Мало-помалу разговор пошел оживленнее. Вячеслав почувствовал себя увереннее и перестал говорить, как кучер, ухаживающий за кухаркой. Леля тоже перестала стесняться его; прощаясь, улыбнулась приветливо.
Через несколько дней были именины Нины, которые праздновались очень скромно в кругу семьи. Когда все уже сидели за ужином и Нина включила электрический чайник, неожиданно произошло короткое замыкание. Олег вышел в кухню, чтобы переменить пробки, и увидел там Вячеслава, который сказал ему:
— Давайте-ка сюда Елену Львовну, Казаринов. Я покажу ей, как пробки переменять. Она перед ними в тупик встает.
И при колеблющемся свете сальной свечи Олег разглядел сконфуженную улыбку юноши. Он вызвал из-за стола Лелю и предоставил Вячеславу принести ей табурет и взгромоздиться с ней рядом.
— А ну, влезайте-ка, товарищ рентгенотехник, мы вам сейчас будем квалификацию повышать.
Олег заметил, что он был первый раз в галстуке, завязанном безобразно.
Коноплянников продолжал ухаживать за Лелей.
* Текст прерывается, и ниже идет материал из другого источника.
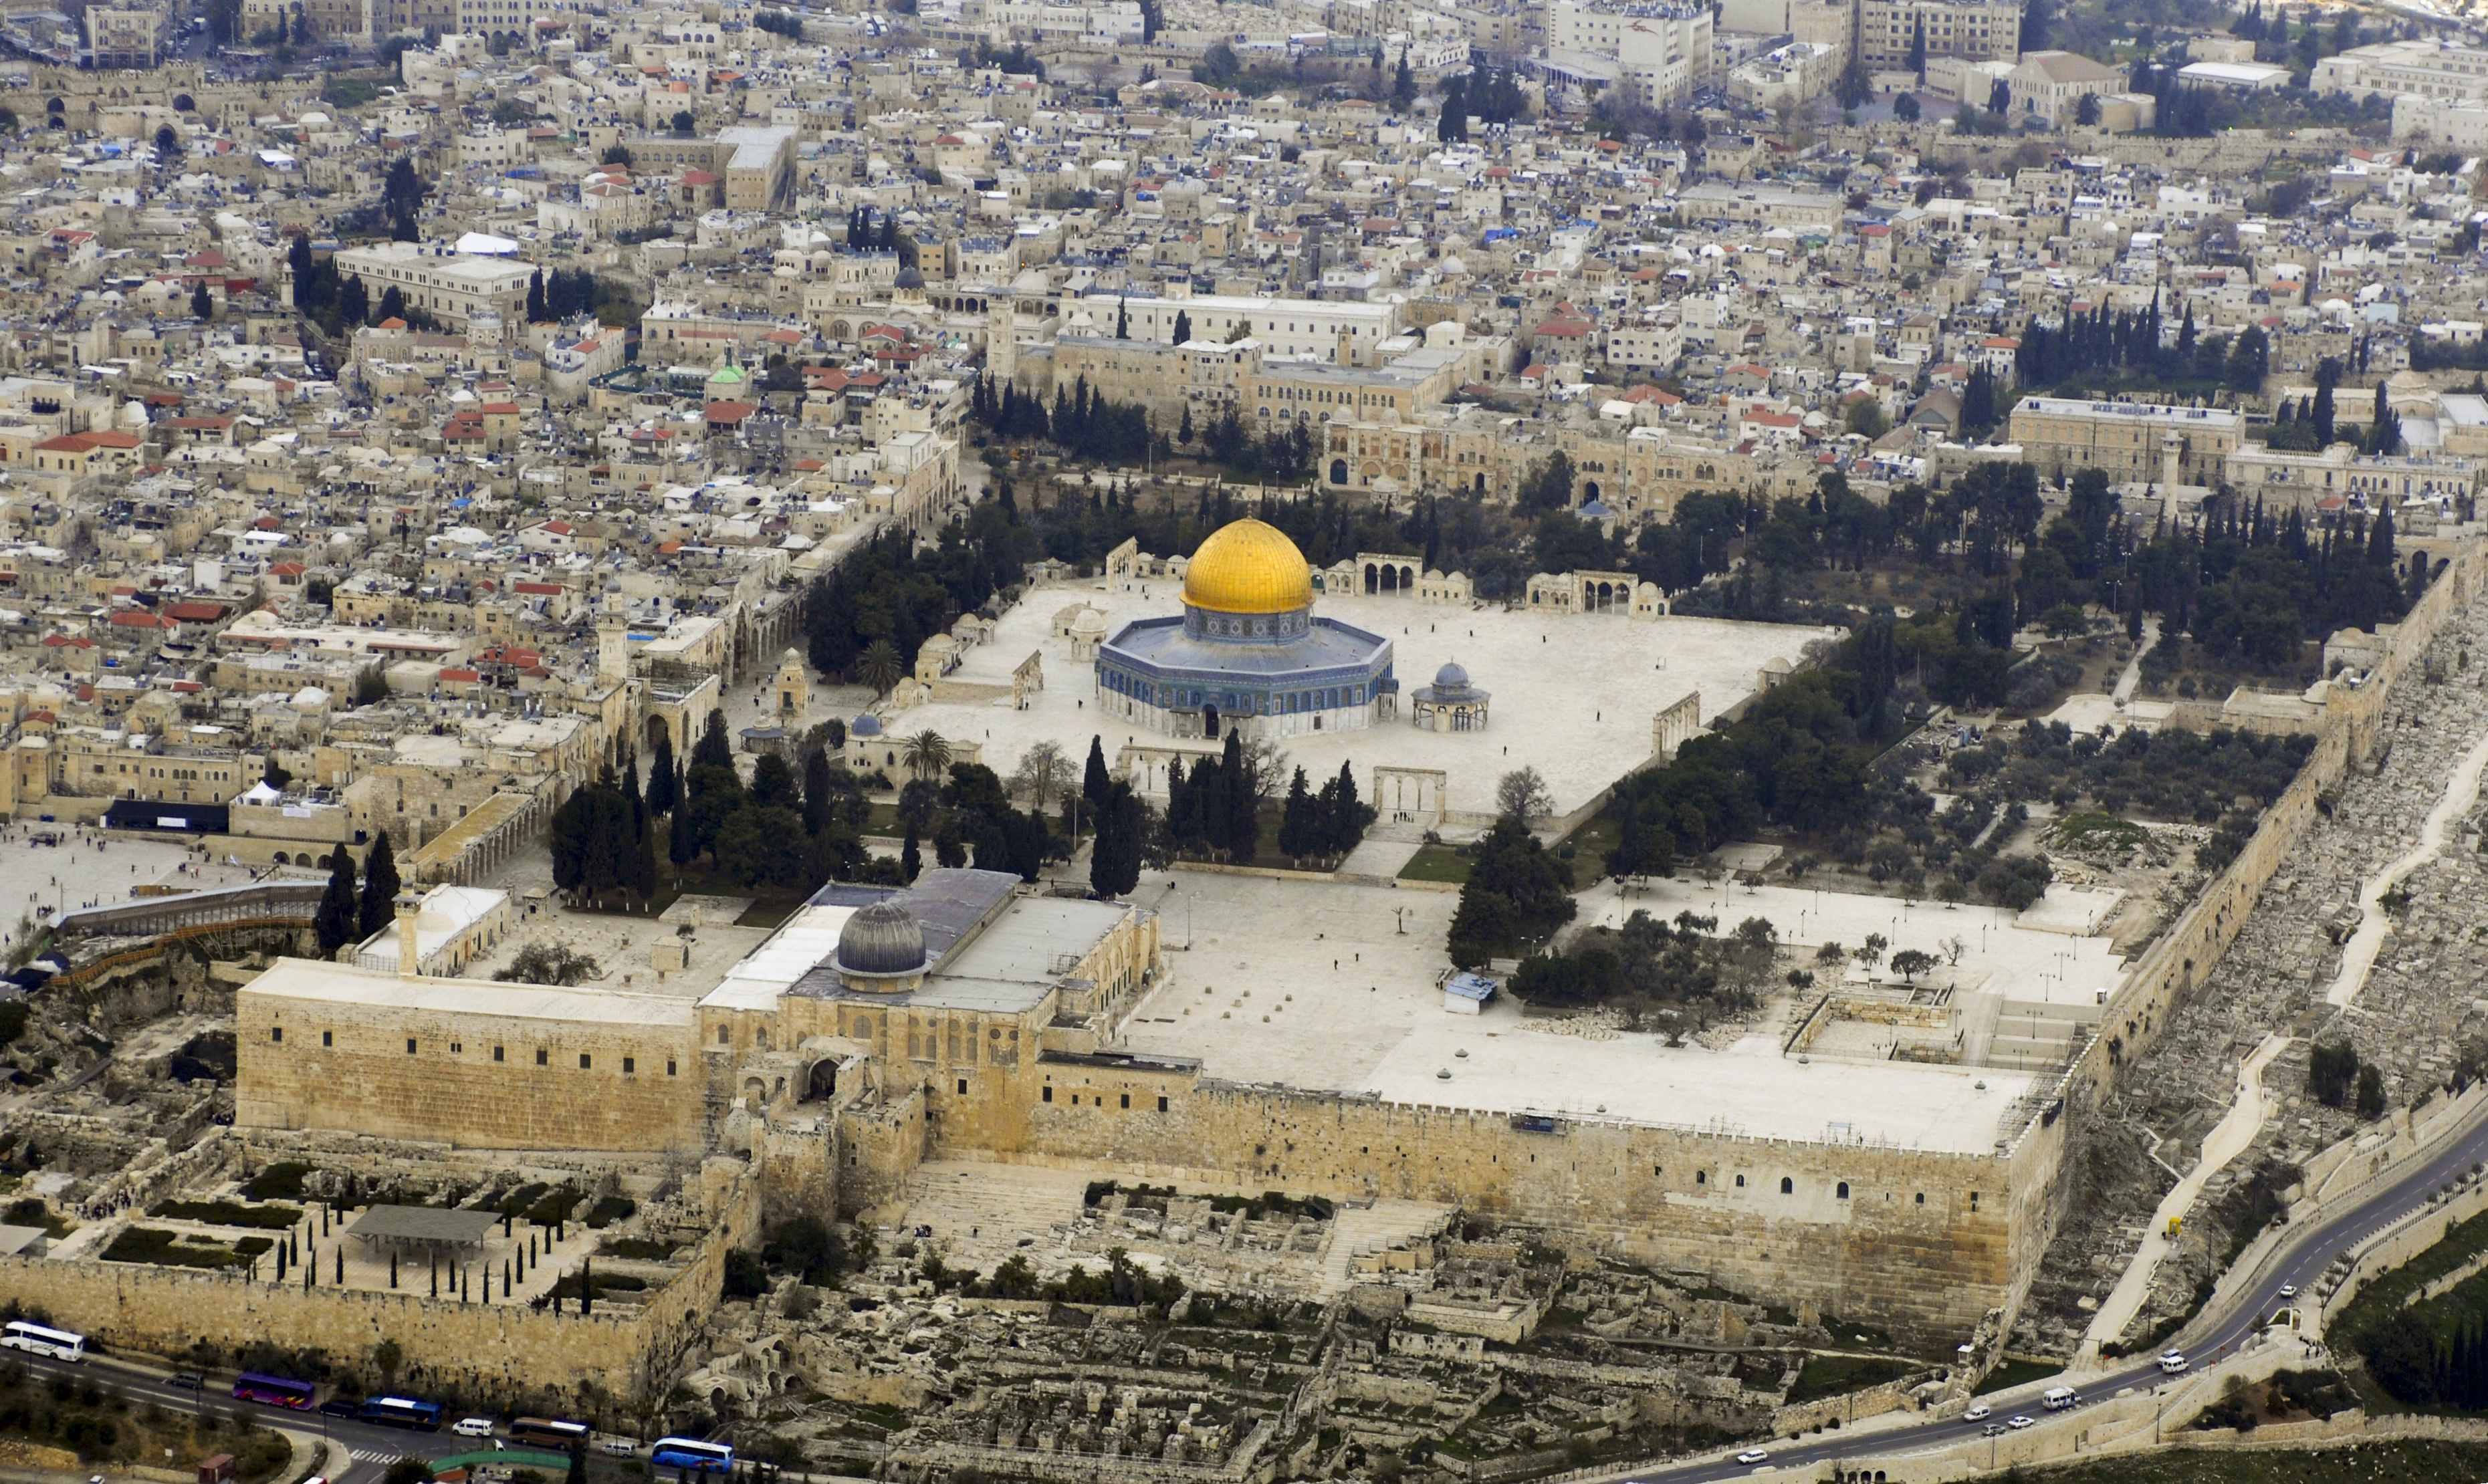 Jerusalem Holy Site Is Muslim, Not Jewish: United Nations Vote Sparks Debate Over Temple Mount And Jewish Ties

Она к этому времени уже перестала общаться с элегантно-пышными кутилами из армяно-еврейской мафии — сей деловой «свет», швыряющий в ресторанах направо-налево советские деньги, попал в сферу внимания карательных органов; напуганные несколькими арестами, нувориши спрятали в норах свои веселые мордочки. К тому же и Ревекка, и ее друзья с их пошловатыми ужимками уже перестали забавлять Лелю.
Наконец наступил день, когда Вячеслав решился на объяснение.
— Вот что я хотел вам сказать, Леля, в прошлый раз еще думал сказать, да прособирался… не так оно просто! Но, потому как я не трус и прятаться не привык, лучше скажу теперь все: ни одна девушка мне еще никогда так не нравилась. Вы у меня все сердце обеими руками взяли. Я ведь отлично вижу, что мы с вами разного круга, знаю, что во мне этого вашего дворянского воспитания нет. А только вы не думайте, что это самое что ни на есть важное — теперь с одними дворянскими ухватками далеко не уйдешь. Вот я смотрю, вы — как челночок, с цепи сорвавшийся: несет вас куда попало, того и гляди прибьет к чужому берегу. А я человек с установкой, меня не сбить, я иду с жизнью в ногу, у меня хватка есть, а это теперь всего нужнее. Коли бы мы с вами столковались теперь жить вместе, так равно, как вы мне, так и я вам во многом бы пригодился. Уж как бы я вас берег и любил, мою кукушечку ненаглядную! Никому бы не дал в обиду, а тем временем и сам бы у вас кое-чему понаучился. И так бы складно у нас все было! Мы вон с Олегом Андреевичем почти приятелями сделались. Нина Александровна тоже со мной хороша. Я так думаю, что никто из ваших сродственников особенно и против-то не был, кроме, может, вашей мамаши да старой генеральши в черной вуали… Ну, да ведь не им жить, а вам. Со мной вы сможете быть счастливой. Очень я вас полюбил и всеми бы силами во всем для вас старался! Мне верить можно.
Девушка молчала, взволнованная и смущенная. Это было первое в ее жизни предложение. В голосе Вячеслава не мелькнуло ни единой фальшивой ноты, ему можно было верить, и это действительно стало бы выходом из запутанного положения… Но всё время сравнивать мужа Аси со своим… Об этом даже секунду нельзя всерьез подумать. Какой удар был бы для мамы!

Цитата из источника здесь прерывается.